### Dataset excerpt
══════════════════════════════

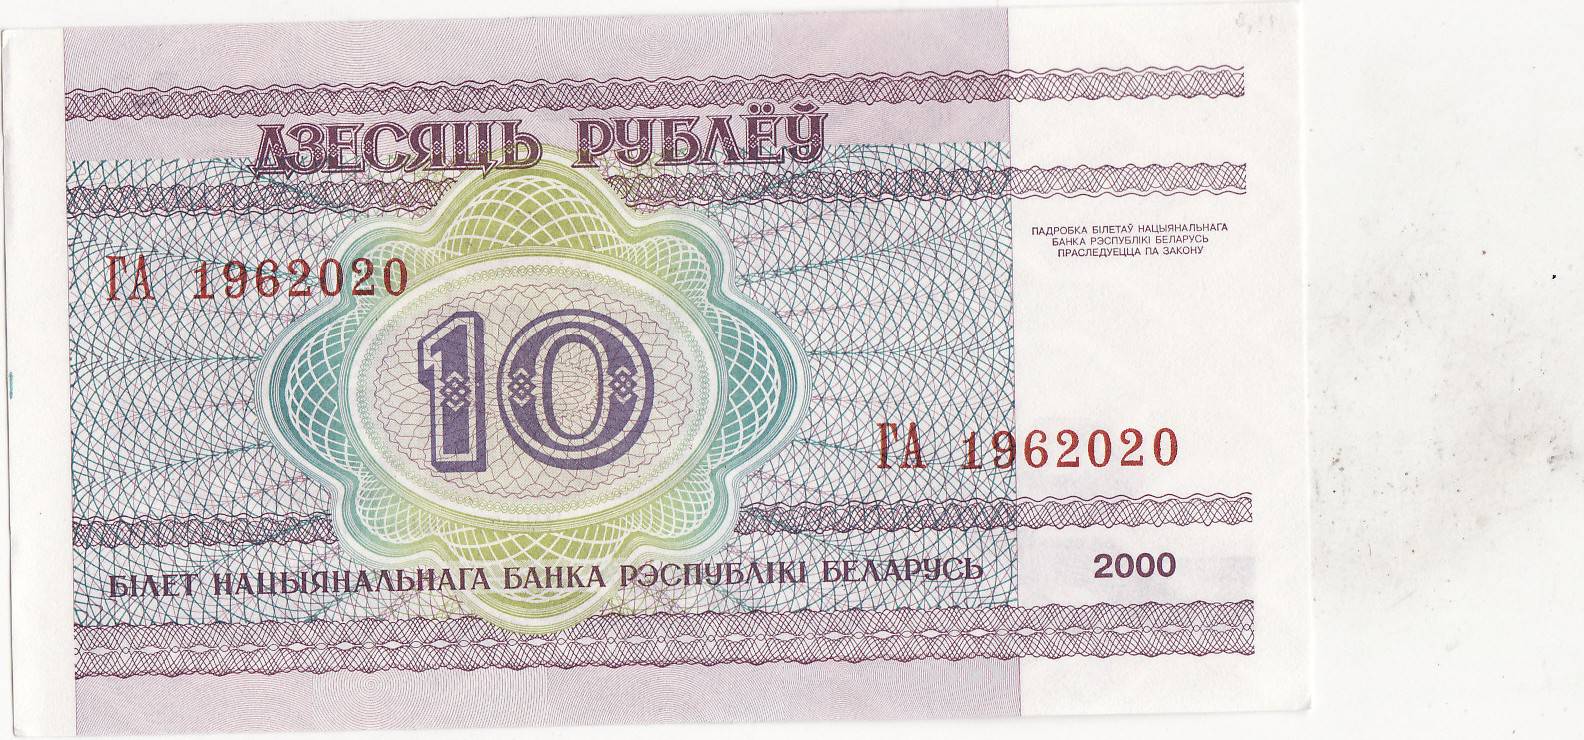 Бона Беларусь Белоруссия 10 рублей 2000. 10 Рублей 2000 Беларусь. 30 рублей белорусских на российские
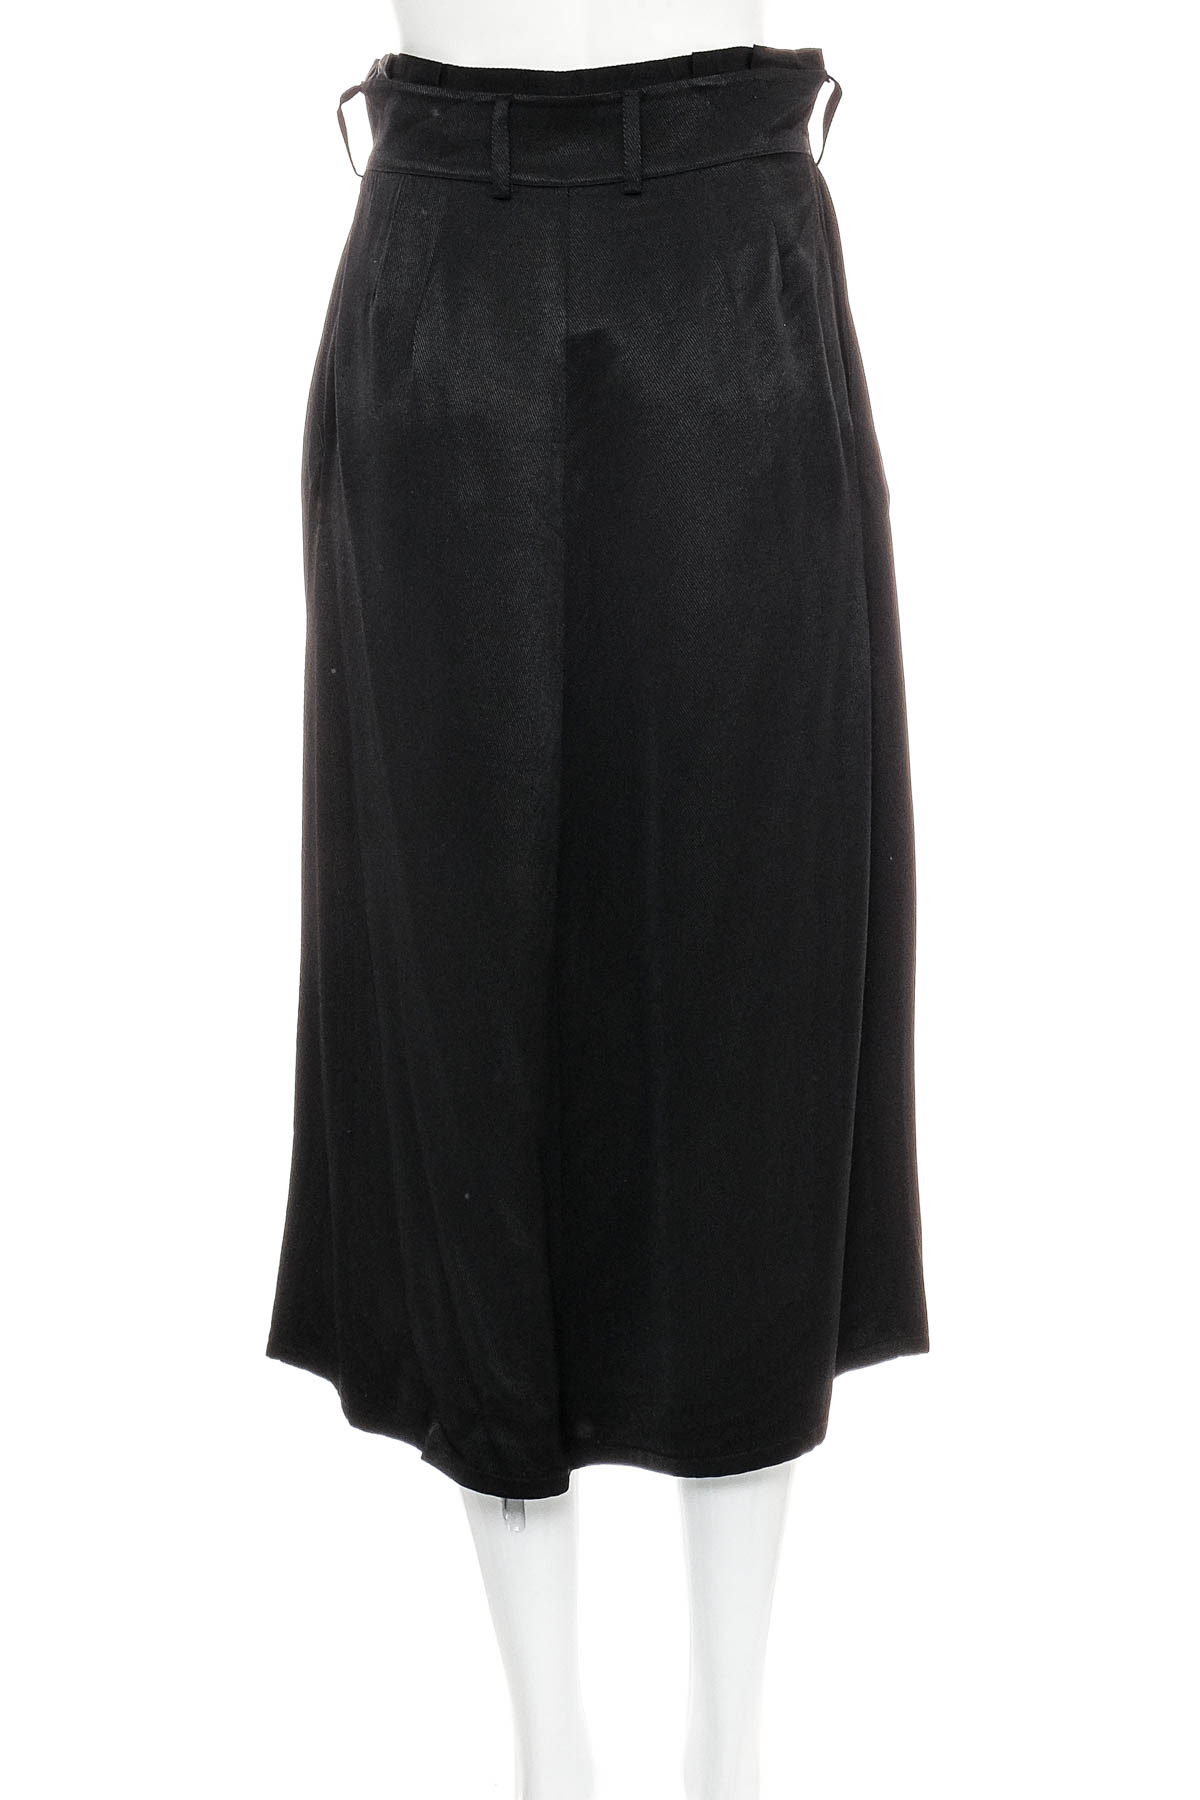 Skirt - ASTRID BLACK LABEL - 1
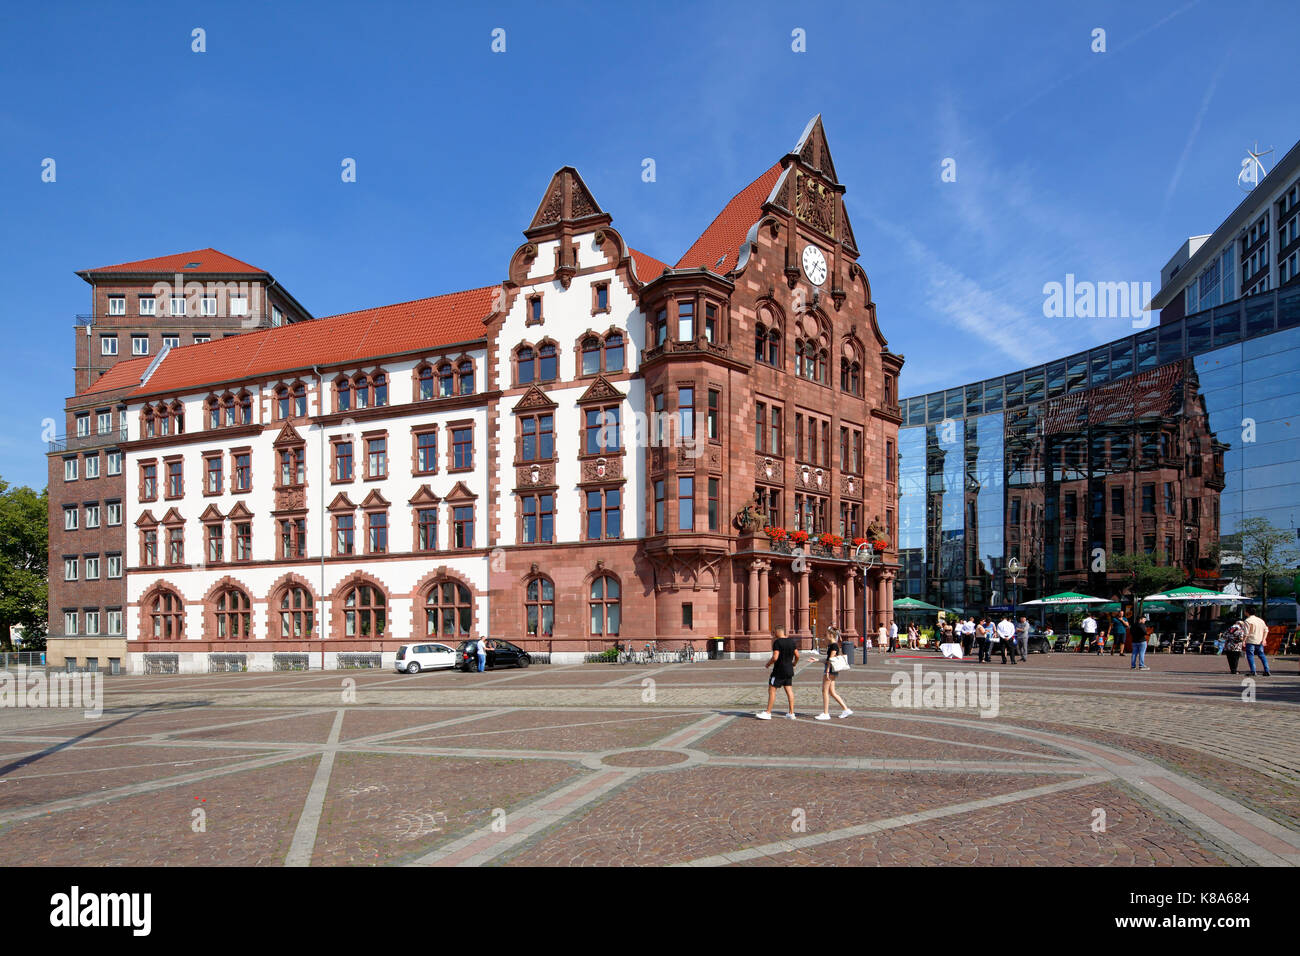 Altes stadthaus und berswordt-halle am friedensplatz à Dortmund, Ruhr, NORDRHEIN-WESTFALEN Banque D'Images

══════════════════════════════

### Task to carry out
Repeat the data verbatim, excluding all pictures.

### Written solution
 Бона Беларусь Белоруссия 10 рублей 2000. 10 Рублей 2000 Беларусь. 30 рублей белорусских на российские
 Skirt - ASTRID BLACK LABEL - 1
 Altes stadthaus und berswordt-halle am friedensplatz à Dortmund, Ruhr, NORDRHEIN-WESTFALEN Banque D'Images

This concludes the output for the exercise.